The spokesperson went on to say that the senator would have taken "the appropriate steps under state law" to ensure that cases of rape and incest were excluded. But that attempt at qualification makes no sense: the South Dakota law has produced national shockwaves precisely because it prohibits abortions even for victims of rape or incest.
[...]
So here's what you need to know about John McCain.
He isn't a straight talker. His flip-flopping on tax cuts, his call to send troops we don't have to Iraq and his endorsement of the South Dakota anti-abortion legislation even while claiming that he would find a way around that legislation's central provision show that he's a politician as slippery and evasive as, well, George W. Bush.
He isn't a moderate. Mr. McCain's policy positions and Senate votes don't just place him at the right end of America's political spectrum; they place him in the right wing of the Republican Party.
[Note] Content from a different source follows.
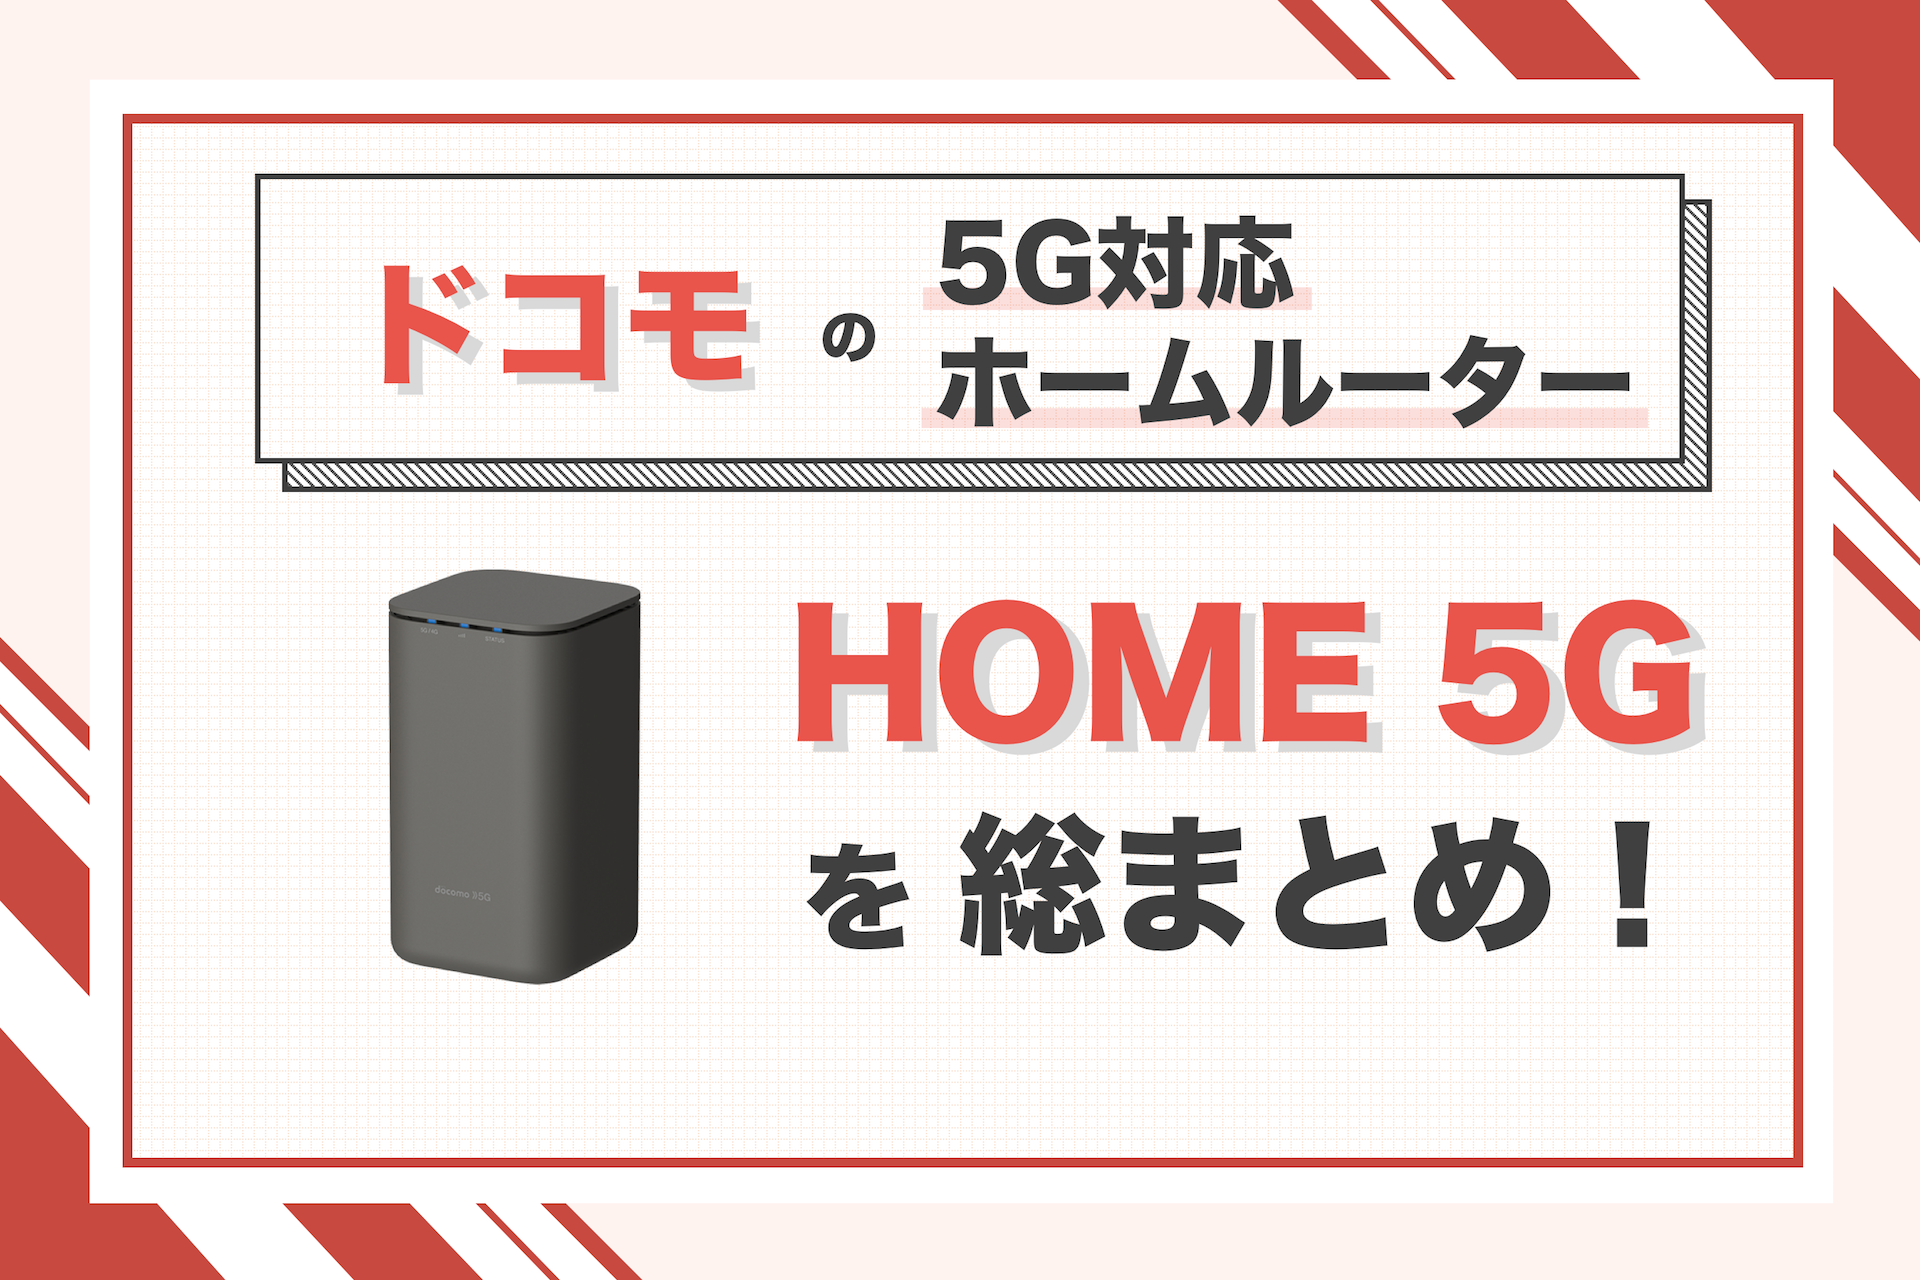 ドコモのホームルーター「home 5G」はどう？スペックや料金、速度を解説 | iPhone格安SIM通信

And he isn't a maverick, at least not when it counts. When the cameras are rolling, Mr. McCain can sometimes be seen striking a brave pose of opposition to the White House. But when it matters, when the Bush administration's ability to do whatever it wants is at stake, Mr. McCain always toes the party line.
[UPDATE 9:50am PST] = = = = = = = = = = = = = = = = = =
Back to the Democratic side of '08 speculation comes this editorial by former Clinton advisor Dick Morris (via Raw Story, which brings it in from the Chillicothe Gazette in Ohio) trumpeting an alternative to Hillary that I'd plain forgotten--Al Gore!
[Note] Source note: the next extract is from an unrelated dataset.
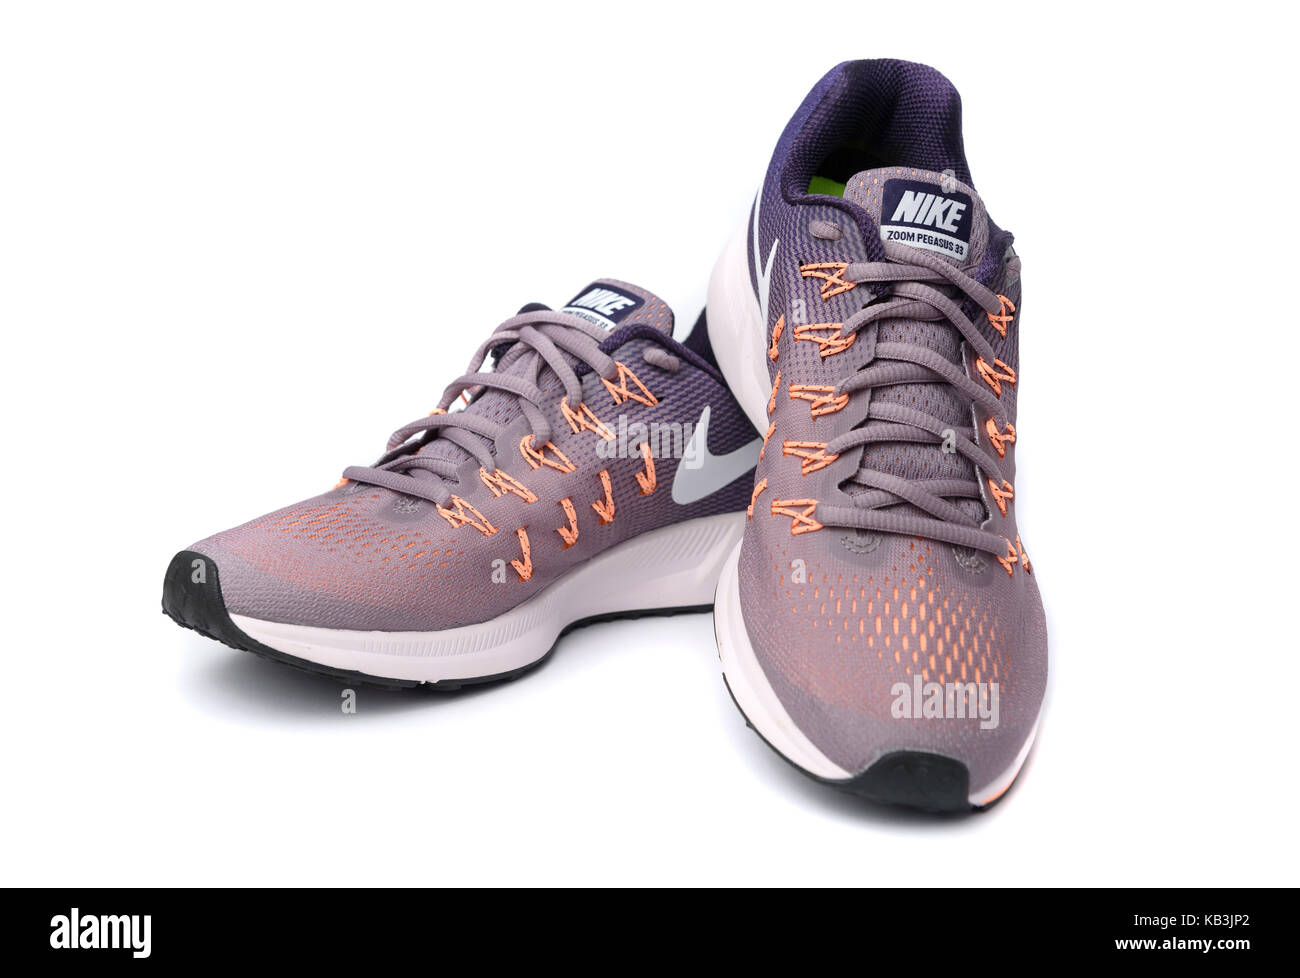 Viola e arancione Nike Pegasus 33 scarpe running intaglio isolato su sfondo bianco Foto Stock

The former vice president's slashing attacks on the administration and his stalwart, if misguided, opposition to the Iraq war leave him without the complications and complexes that will devil Clinton as she seeks to appeal to the unforgiving left of the Democratic Party.
And Gore may be a man whose time has come in his party. It was he who warned of climate change and predicted its consequences. Hurricane Katrina was just a fulfillment of the prophesies Gore wrote about in his late-1980s book "Earth in the Balance." He has been an energy-conservation nut for years, and his obsessions with alternatives to oil will play better and better as we come to realize how our addiction to oil has led us to dependency on the dealers of this particular drug - Iran, the Saudi royal family and Hugo Chavez.
[...]
Could Al beat Hillary? If Mrs. Clinton persists in her support of the Iraq war, he could. But never count on Hillary losing an election over a principle. It's a bad bet. If she moves to the left on the war, as she already shows signs of doing, she would preempt Gore and Kerry and use her tremendous lead in fundraising and ex-officio delegates to cruise to the nomination.
Al also has a history of shooting himself as he nears the finish line. In both 1988 and 2000, he repeated the fundamental mistake of not talking about his signature issue: the environment. By backing off global warming and climate change as core issues, he seemed like just another Democrat scaring people about Social Security.
[...]
But Gore has three things going for him: A perception that he was robbed of the White House and Hillary's possible stubbornness in continuing to back the war.
The third thing? The weather. As the evidence of global climate change impresses everyone who doesn't work at the White House, Gore looks more and more like a man whose time may have come.
Gore is on the record, at this time, as not running for office in 2008. But if he were to change his mind, I'd be a big backer of his candidacy.
2 Comments:
I guess it's too much to ask to not have a Clinton or Bush as president? Hasn't the last 20 year stranglehold on the office been long enough? Good grief, who's next when Hilary's done...Jenna?
No, this guy: Pierce Bush, featured over at Crooks and Liars.